Appendix A.1: Temperature and total mass

To show how the temperature and abundance determination change, we fitted the innermost bin of the galaxy groups in our sample using the two AtomDB versions. The results are shown in Fig. A.1. While at temperatures higher than 1.5 keV the temperature difference is quite small, at very low temperatures (i.e., kT<1 keV) the temperatures obtained using the version 2.0 are up to 18% higher than the ones obtained using version 1.3. At the same time, the obtained abundance is 20–30% lower with a trend of a larger deviation for higher temperatures. More in detail, we note that when the group abundance is relatively low (A< 0.6 A), the temperature deviation arises only for kT< 1 keV. In contrast, when the abundance is relatively high (A> 0.6 A), small differences can be observed already at a temperature of ~2 keV.

To investigate how much this influences the total mass estimate we used NGC 3402 as a test case because of its low temperature and good quality of data. Since many authors use a MEKAL model instead of the APEC model, we also included this thermal plasma model in our analysis. We determined the temperature profile for the different models and for different abundance tables (i.e., from Anders & Grevesse 1989 and Asplund et al. 2009). As shown in Fig. A.2 (left panel), while the profile from MEKAL and the old AtomDB version agree quite well, the new AtomDB has a higher temperature at all radii. This translates into a total mass higher by ~10%. Although the effect is weak, a higher temperature is also obtained when the old abundance table from Anders & Grevesse (1989) instead of the most recent table from Asplund et al. (2009) is used.

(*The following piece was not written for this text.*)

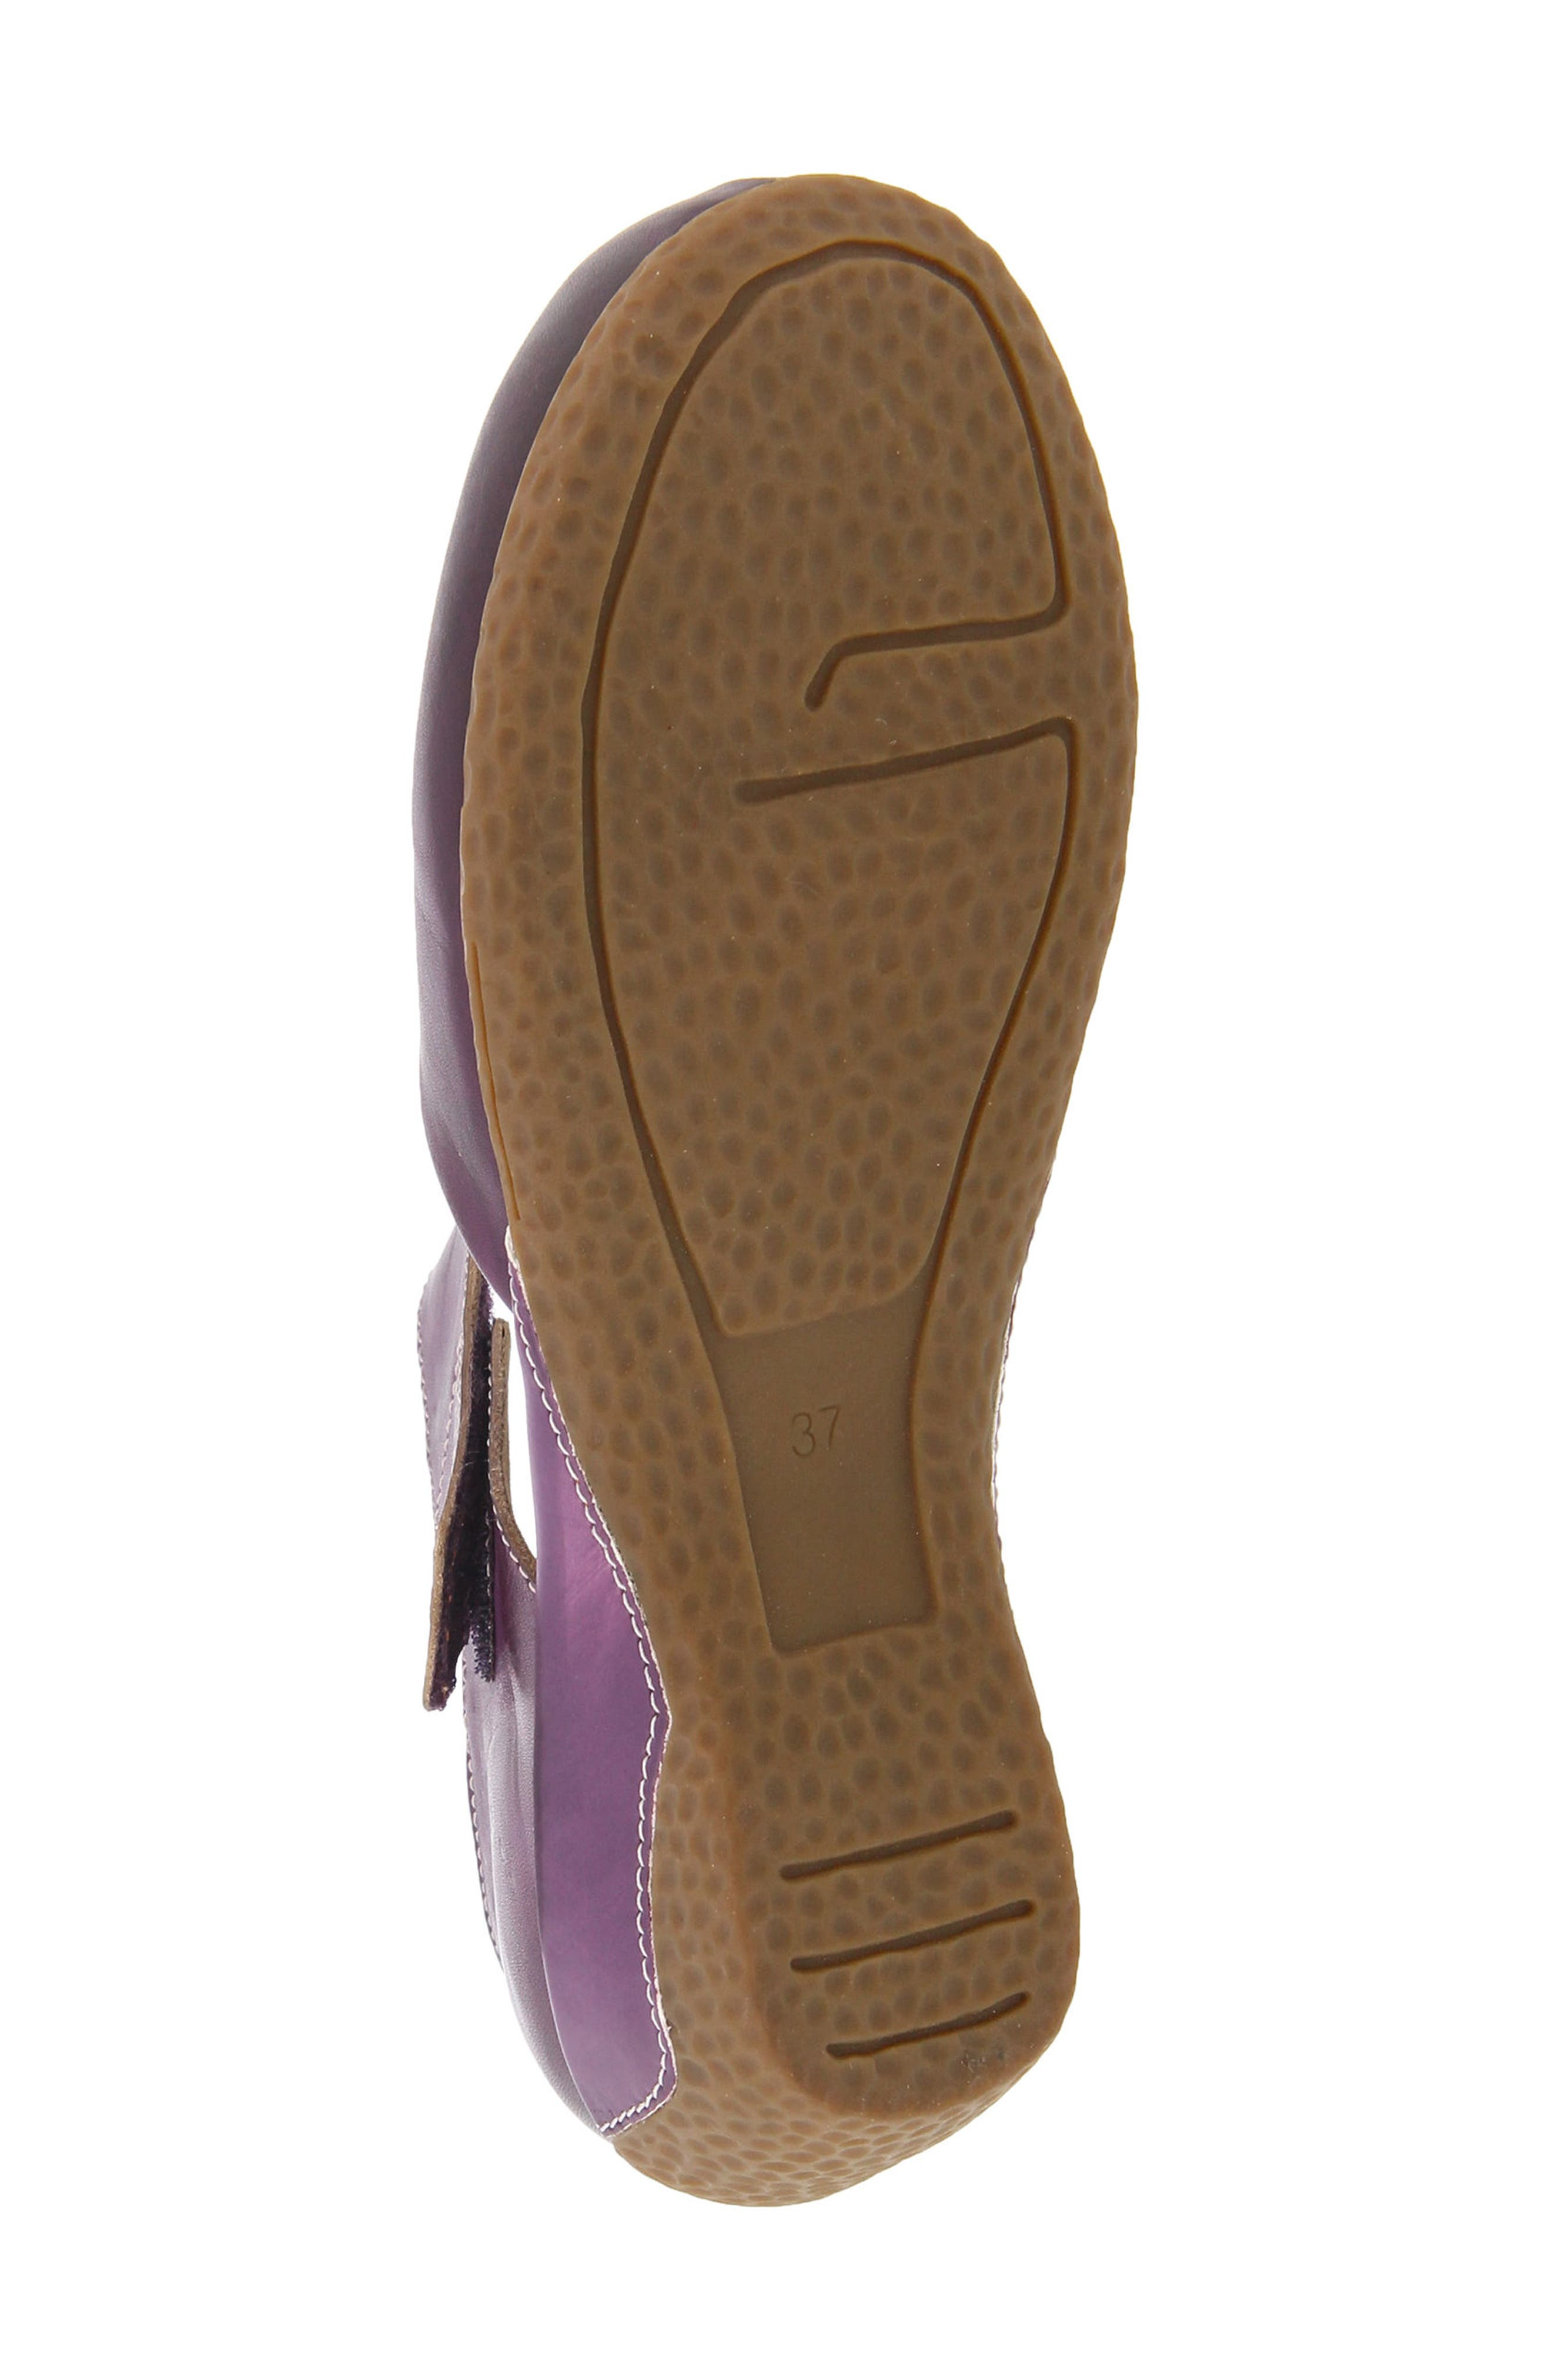 L'Artiste Gloss Mary Jane Pump,                             Alternate thumbnail 5, color,                             Purple Leather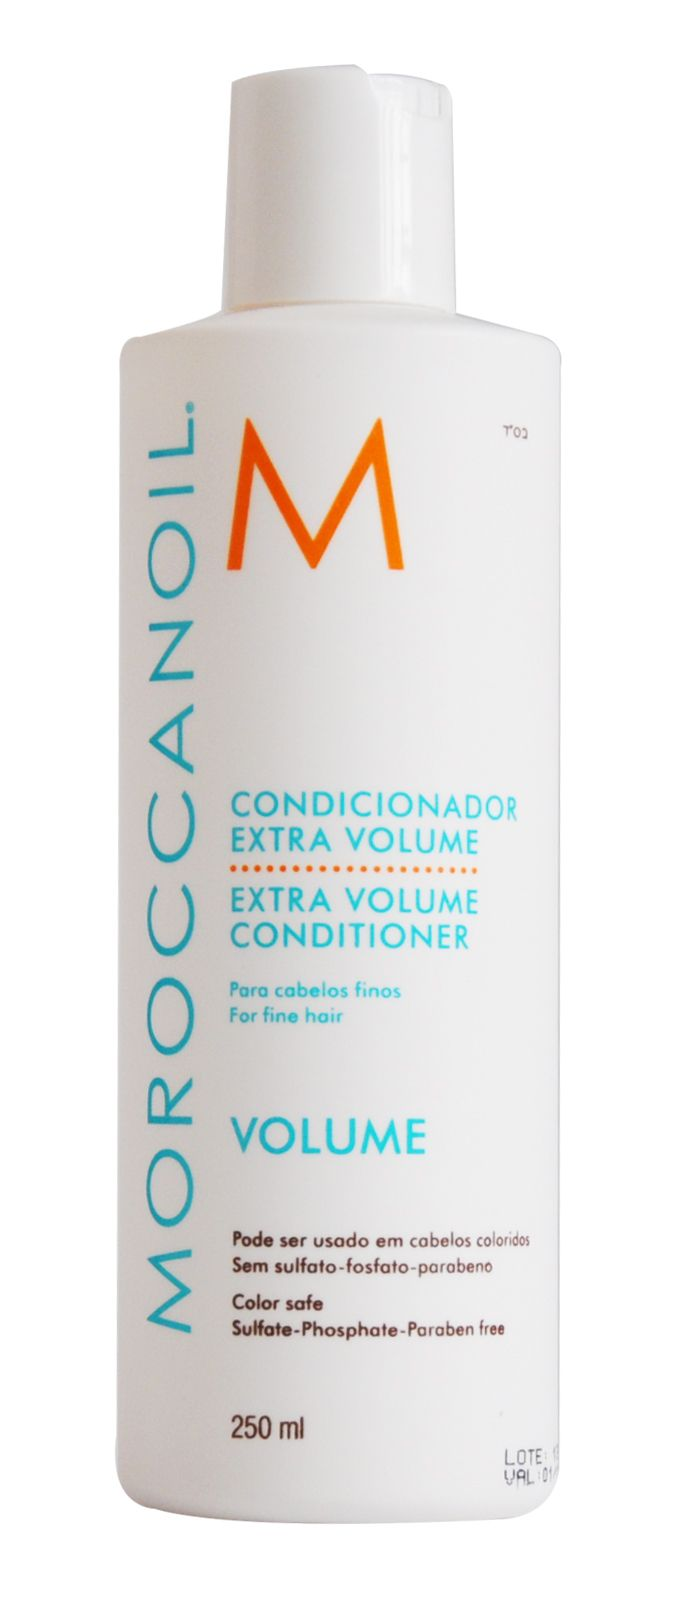 Moroccanoil Condicionador Extra Volume 250 ml

Appendix A.2: Gas density and gas mass

In Fig. 7 we compared the gas mass at a given radius for different works and found that the difference for most of the objects is of ~10%. Since we used the APEC normalization to estimate the central electron densities to better understand whether the new AtomDB can explain part of the difference, we compared the normalization of the spectrum extracted from an annulus of ~7 arcmin (to maximize the S/N) and fitted with the different models. As shown in the right panel of Fig. A.2 (for display purposes we only show the MOS1 normalization, but the trend is similar for MOS2 and pn, although with different values), the normalization with the new AtomDB is ~10% lower than the older one with the MEKAL one lying in between. Depending on the combination of abundance tables and plasma models used in a particular paper, the difference can be up to ~15–20%. Since the central electron density scales with the square root of the normalization from XSPEC, using the new AtomDB can give a lower central density (and so a lower integrated gas mass) of up to 7–10%. The difference in gas mass for NGC 3402 is ~6% at R2500 and ~10% at R500, so the use of different AtomDB versions alone can explain the different gas mass shown in Fig. 7.

Appendix A.3: Gas fraction

The use of the new AtomDB version results in a total mass higher by 10% than the mass derived using an older version. At the same time, the gas mass will be up to 10% lower than the value obtained using the old AtomDB versions. Given these results, the gas fraction for the less massive galaxy groups obtained with the most recent version of the AtomDB can be up to 20% lower than the mass derived with the old AtomDB version. Of course, this is an upper limit because we used NGC 3402 for the calculation, one of the coolest groups in our sample, which implies a larger difference between the different AtomDB versions, and not all the low temperature objects show such a large difference. Furthermore, in general, the temperature profiles obtained with the new AtomDB version cannot be simply scaled up because, as we showed, the difference in temperature depends both on the real temperature and on the associated metallicity. For example, in the outer regions where the temperature is lower, the metallicity is lower as well, which mitigates the real difference in the temperature estimation (see, e.g., Fig. A.1). This result highlights the importance of taking this problem into account for comparisons between different papers.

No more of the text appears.